> **Provided entries**:
=== Section Start ===
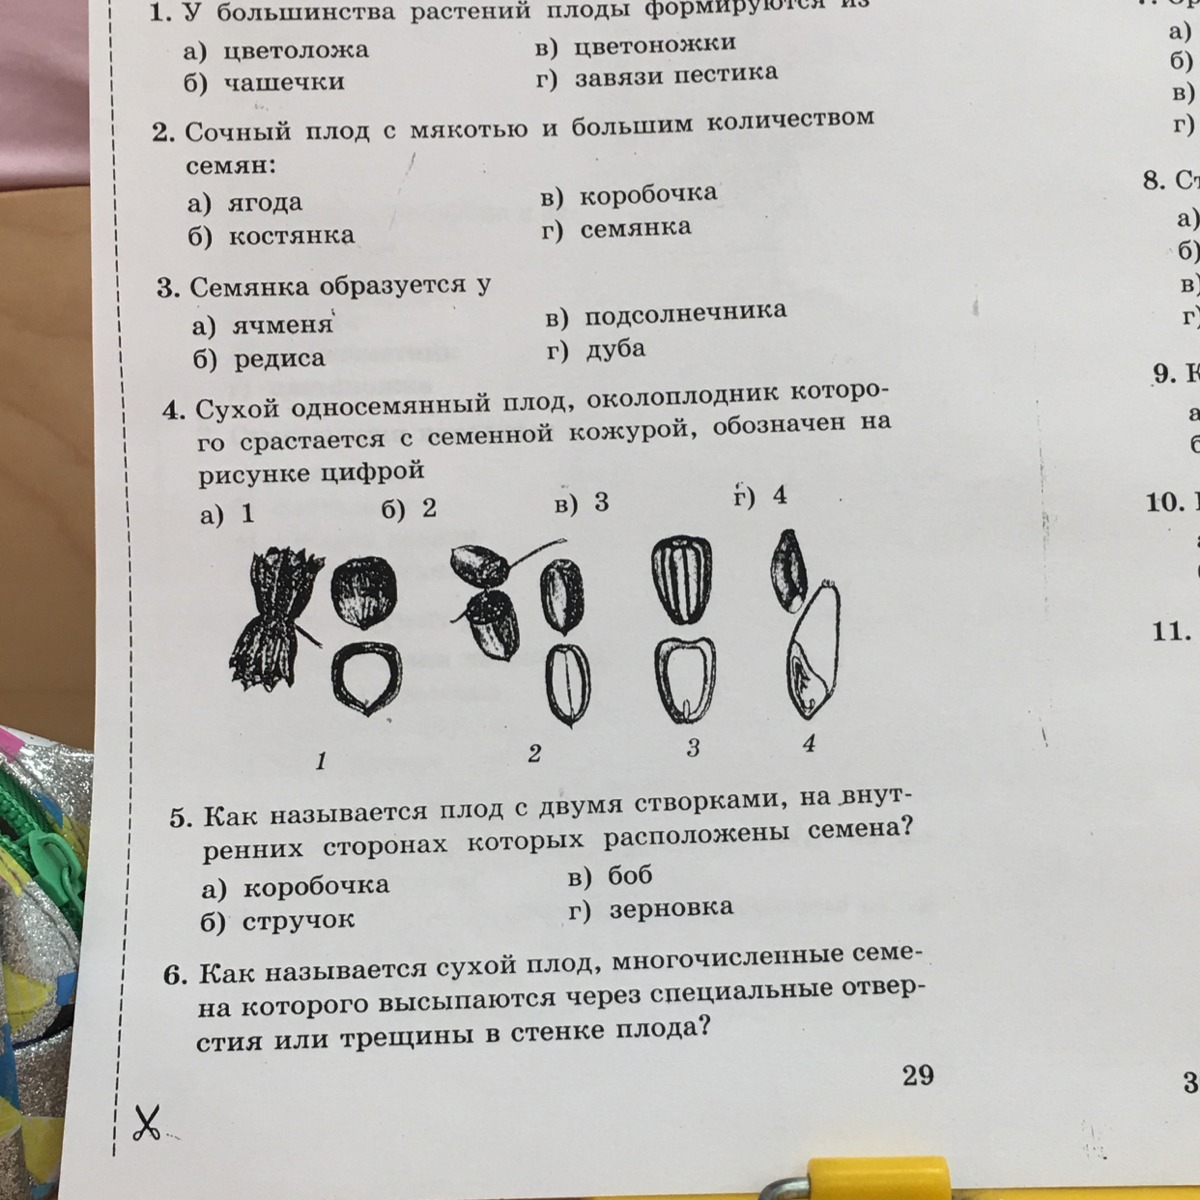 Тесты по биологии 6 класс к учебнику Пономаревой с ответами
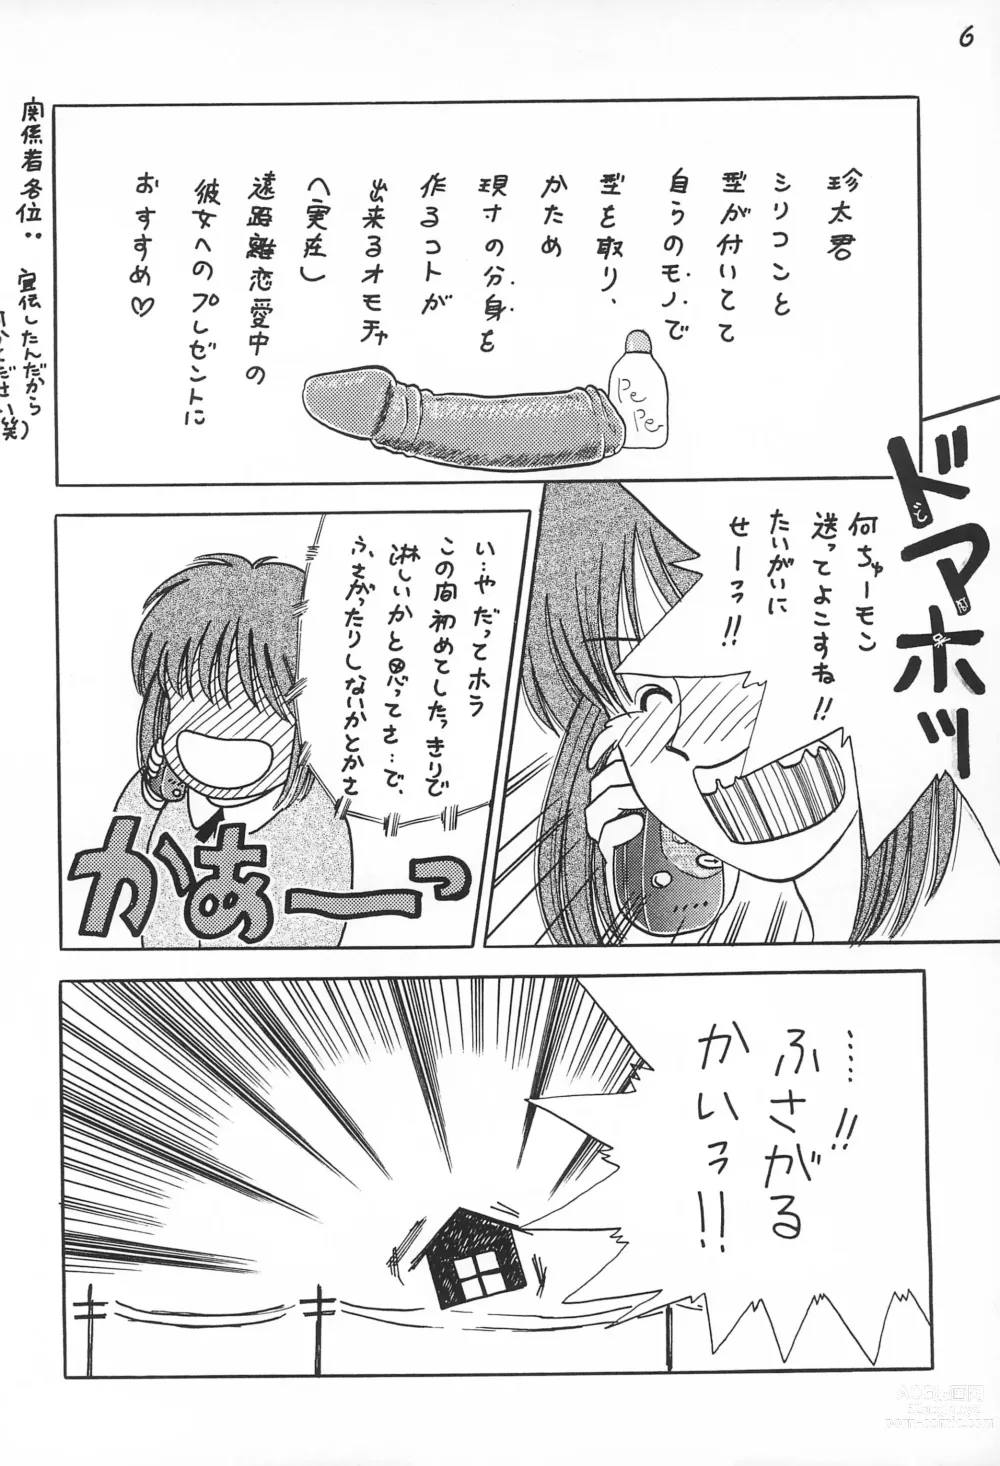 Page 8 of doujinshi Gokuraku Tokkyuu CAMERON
=== Section End ===
=== Section Start ===
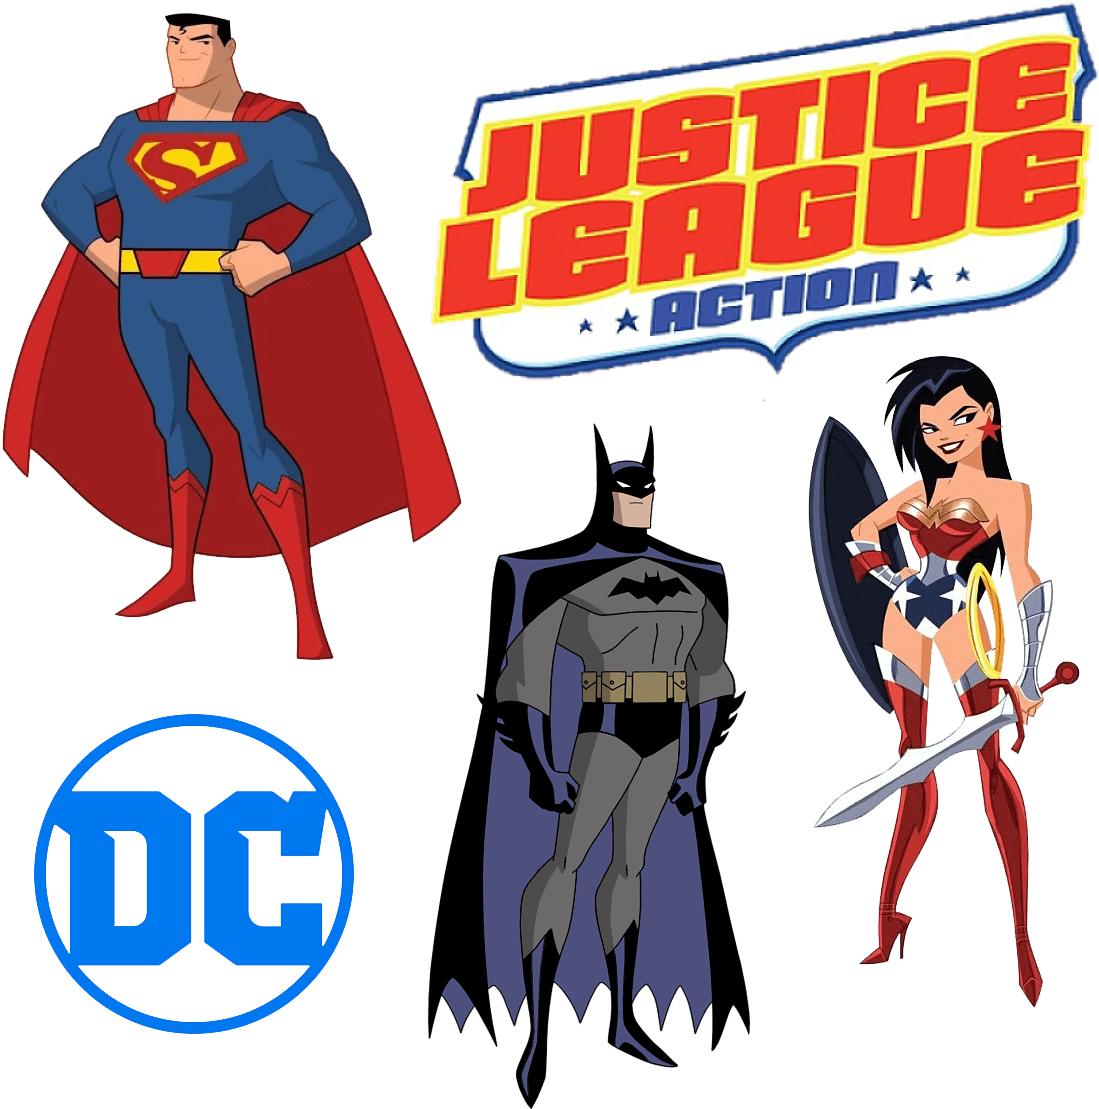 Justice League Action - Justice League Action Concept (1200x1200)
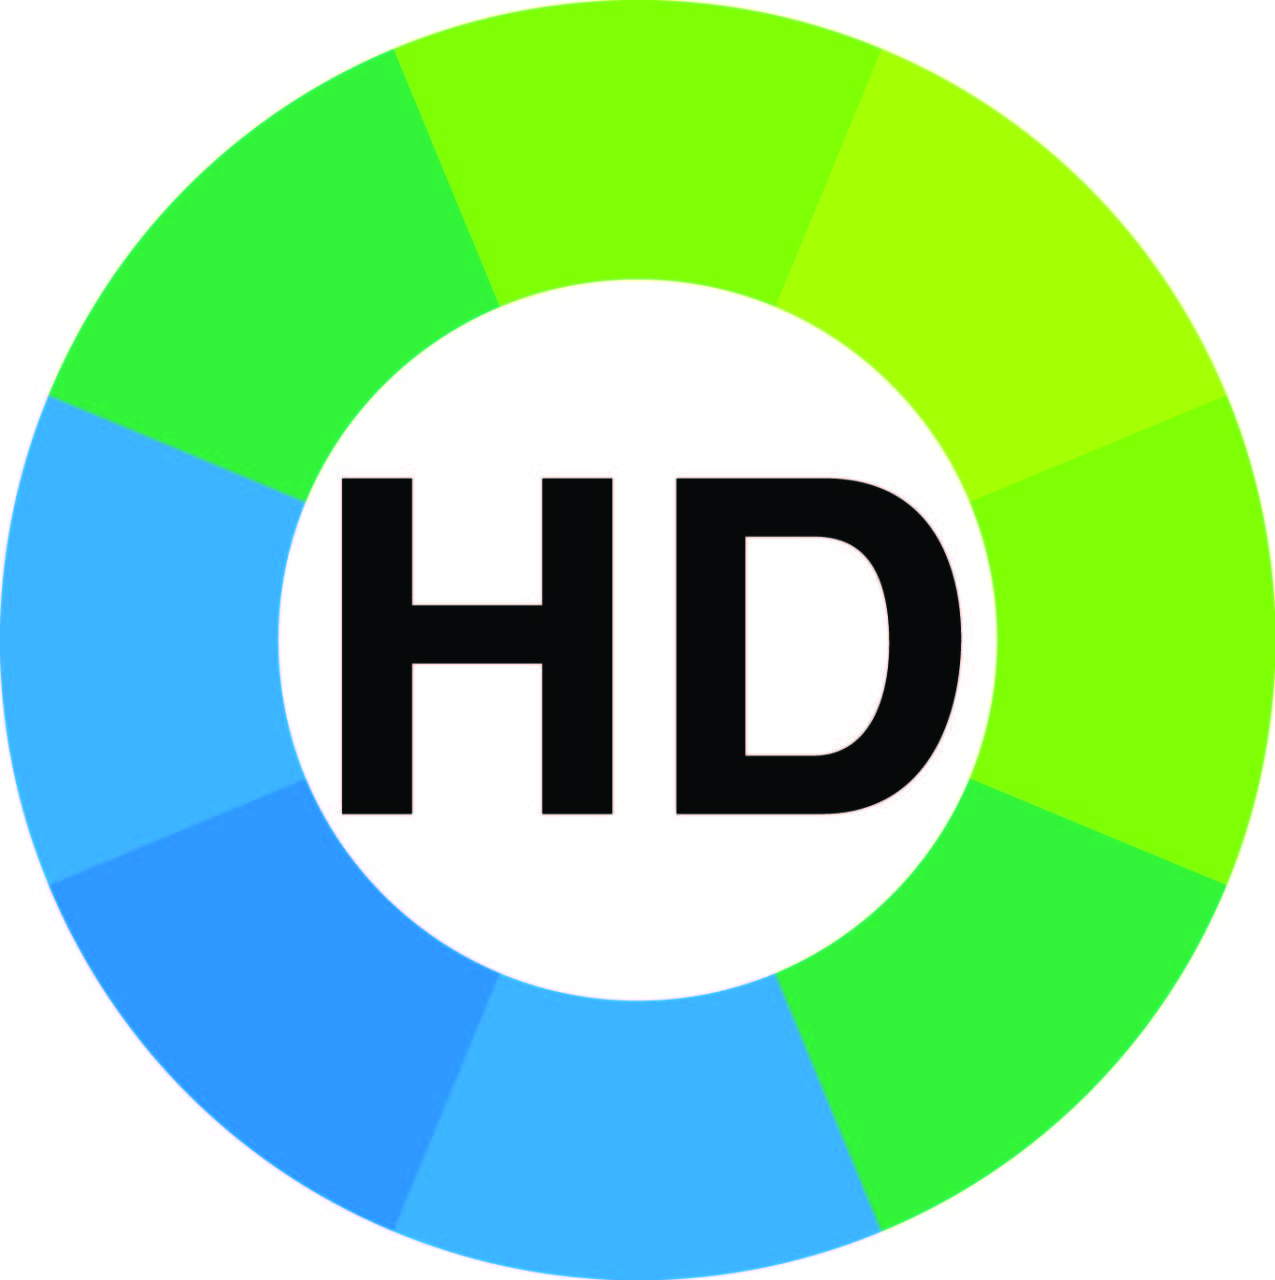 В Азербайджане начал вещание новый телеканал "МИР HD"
=== Section End ===
> **What the exercise asks**: The response must repeat exactly the lines above from the one with "Тесты по биологии" through the one with "Page 8 of doujinshi Gokuraku Tokkyuu CAMERON", including both, and must contain no pictures and no other text.

> **The completed task**:
 Тесты по биологии 6 класс к учебнику Пономаревой с ответами
 Page 8 of doujinshi Gokuraku Tokkyuu CAMERON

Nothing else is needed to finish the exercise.